Copy word for word the line containing "Maglia nera in lana merino girocollo" together with all lines following it to the end of the listing below, without the pictures.

**Information provided**
================================

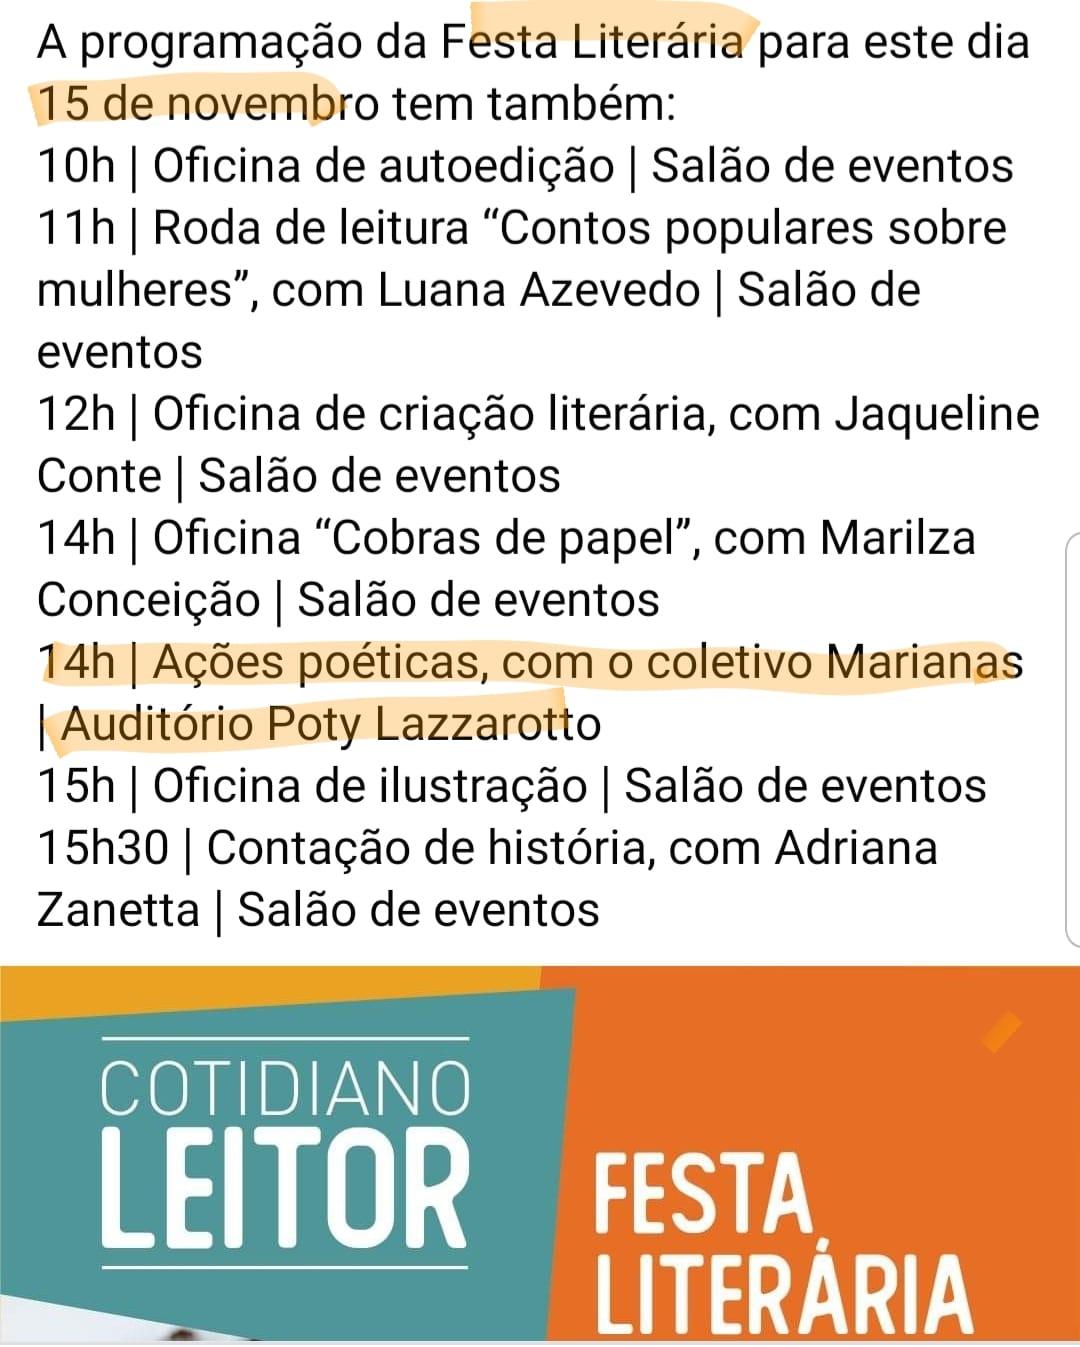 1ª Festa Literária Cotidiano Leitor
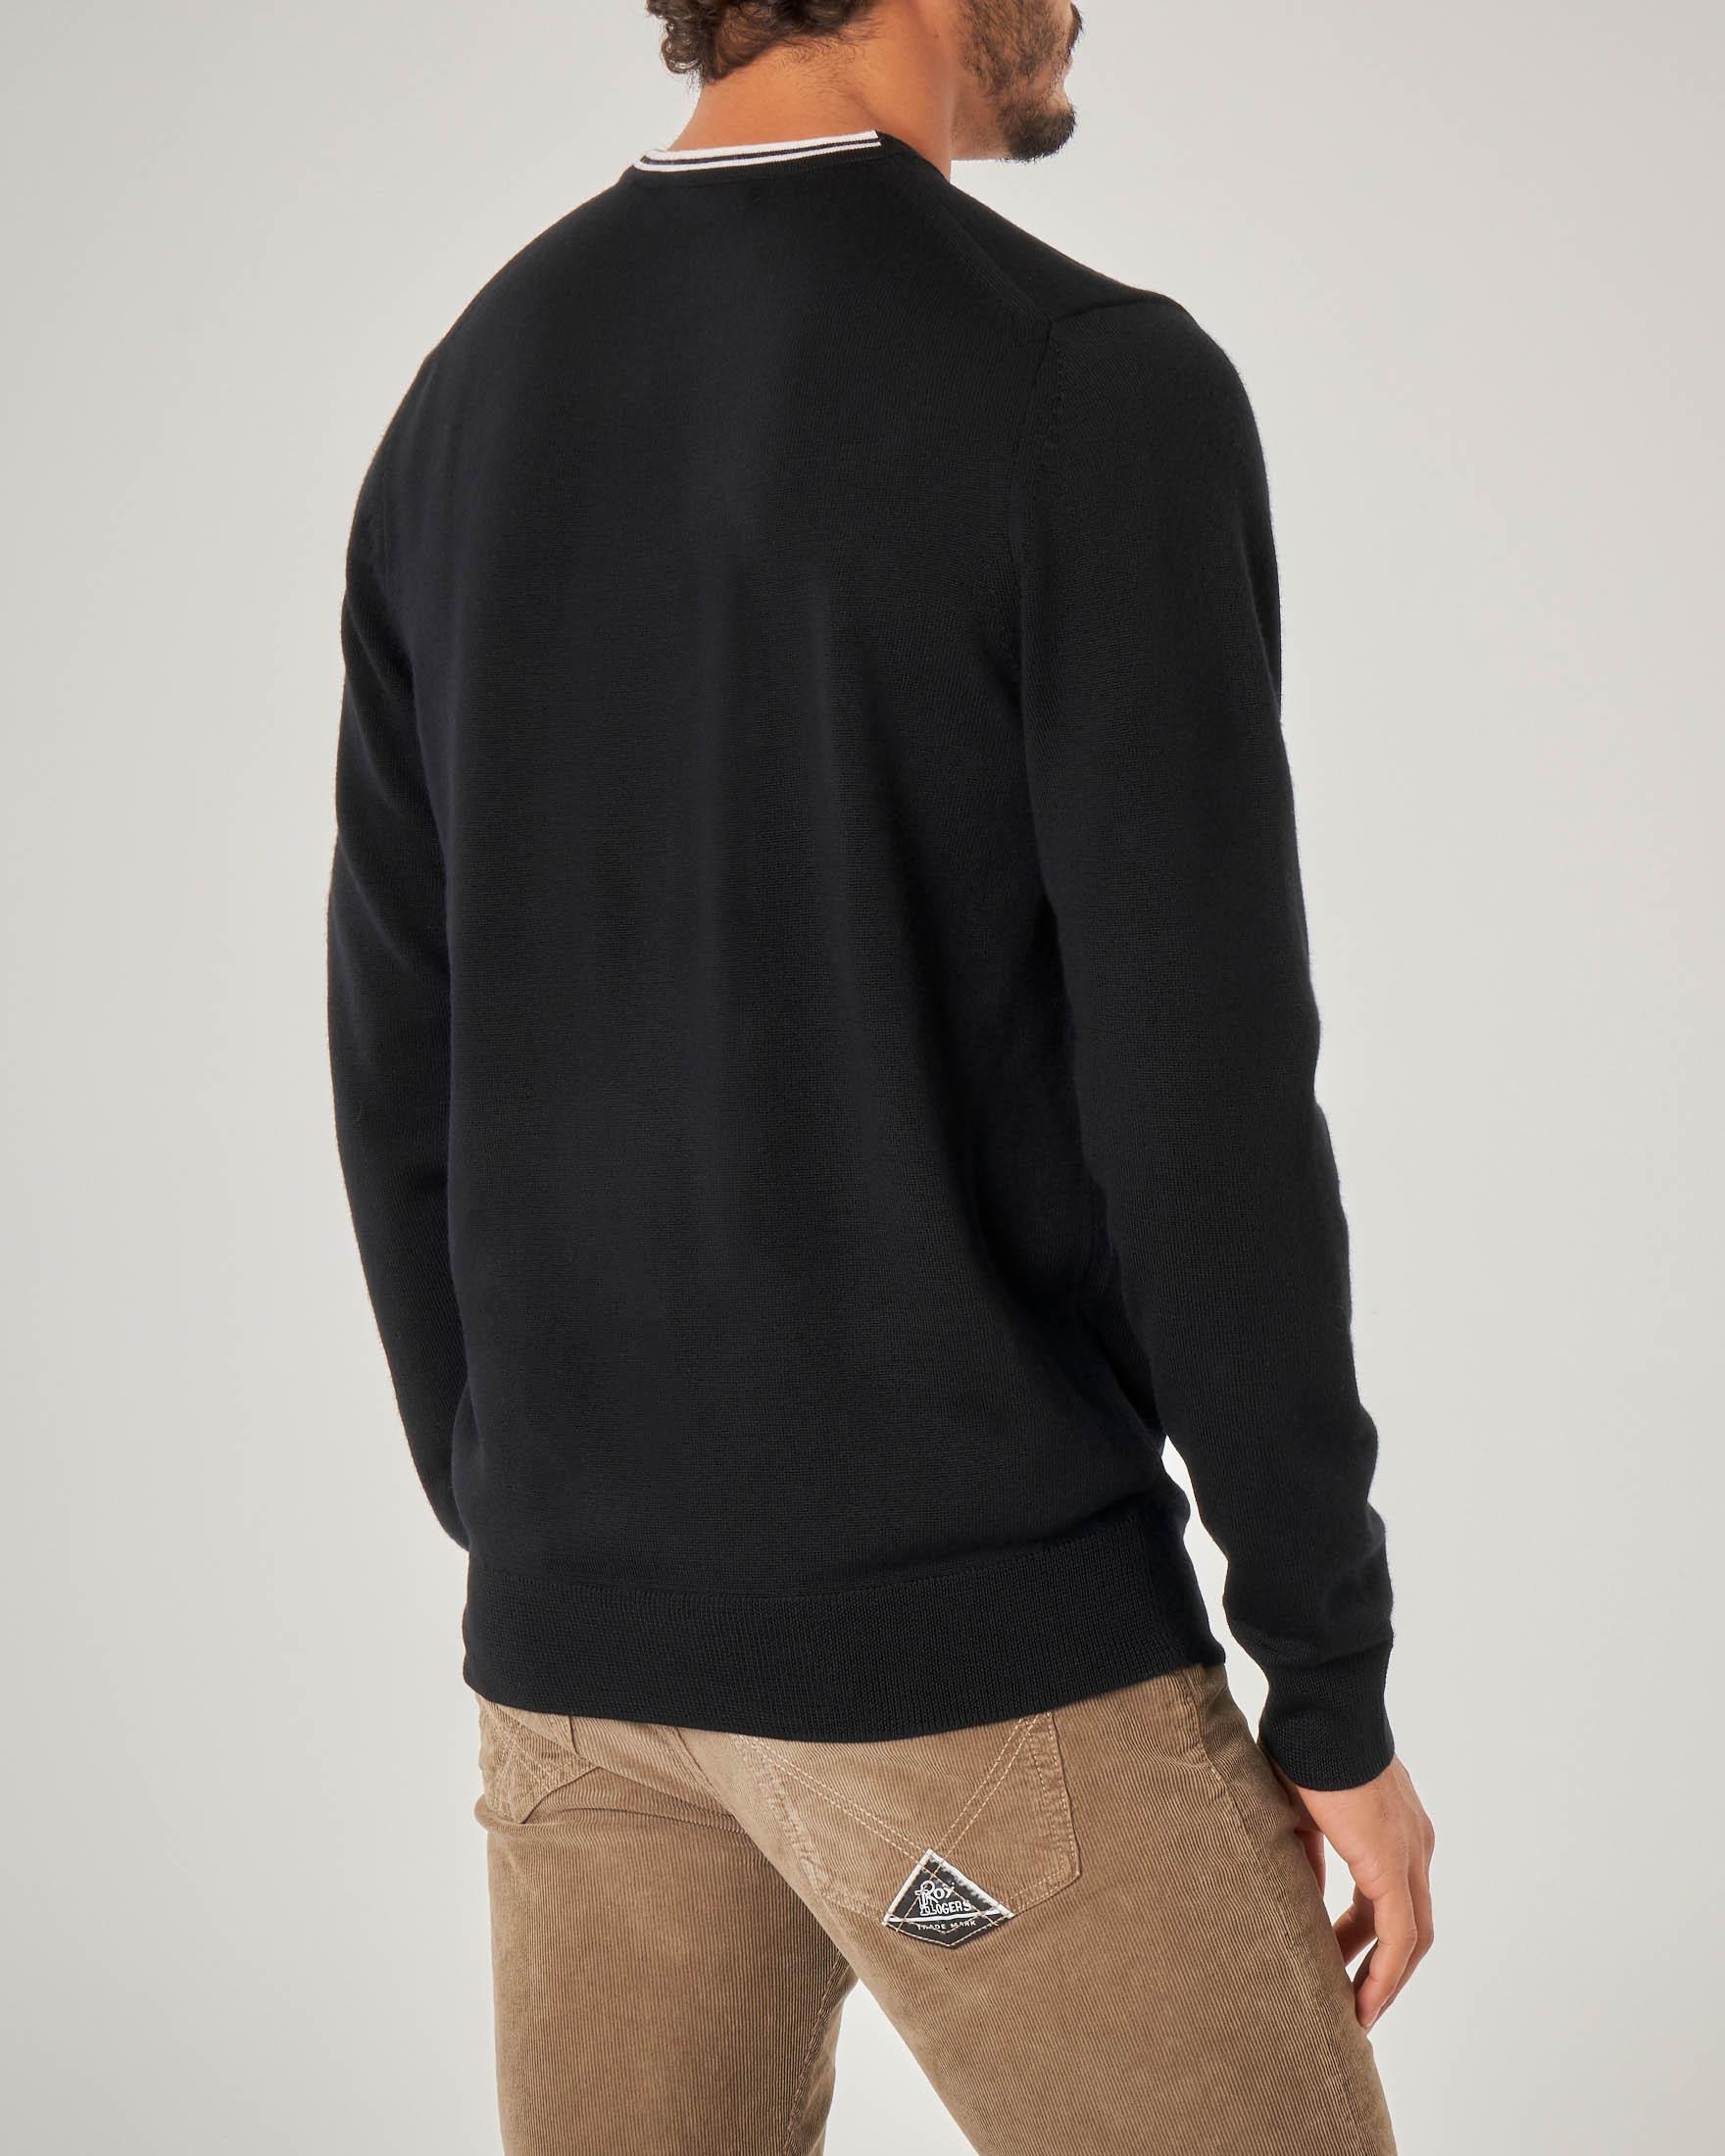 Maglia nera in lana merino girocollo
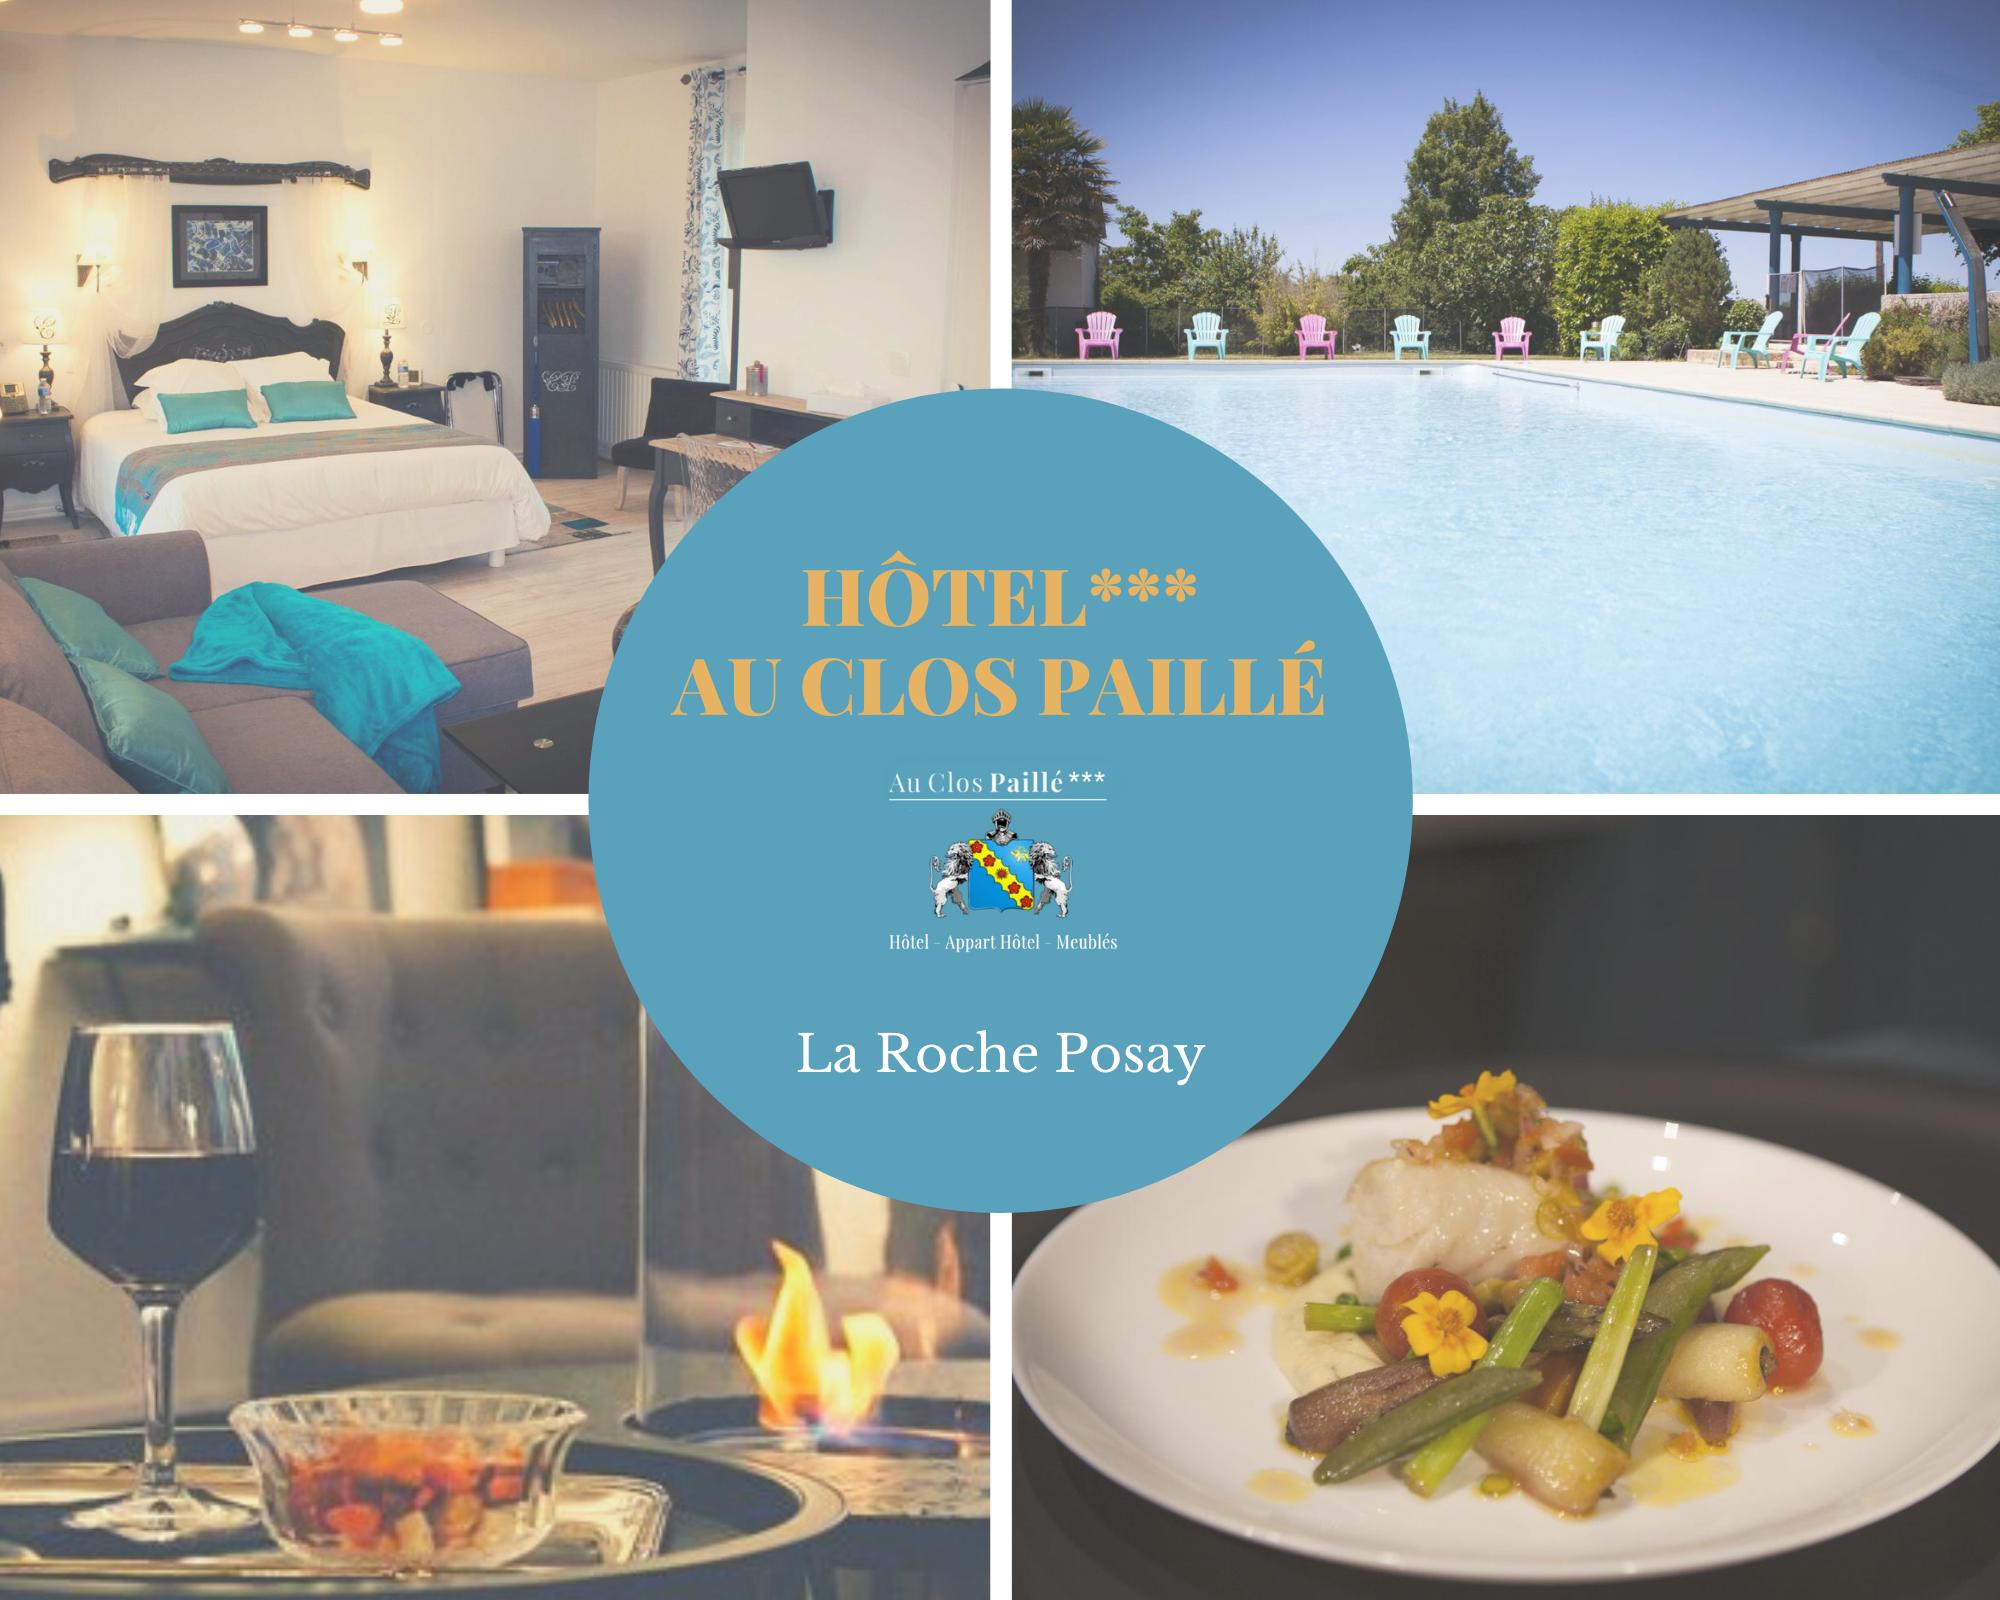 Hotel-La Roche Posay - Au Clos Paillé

================================

**Result of this task**
 Maglia nera in lana merino girocollo
 Hotel-La Roche Posay - Au Clos Paillé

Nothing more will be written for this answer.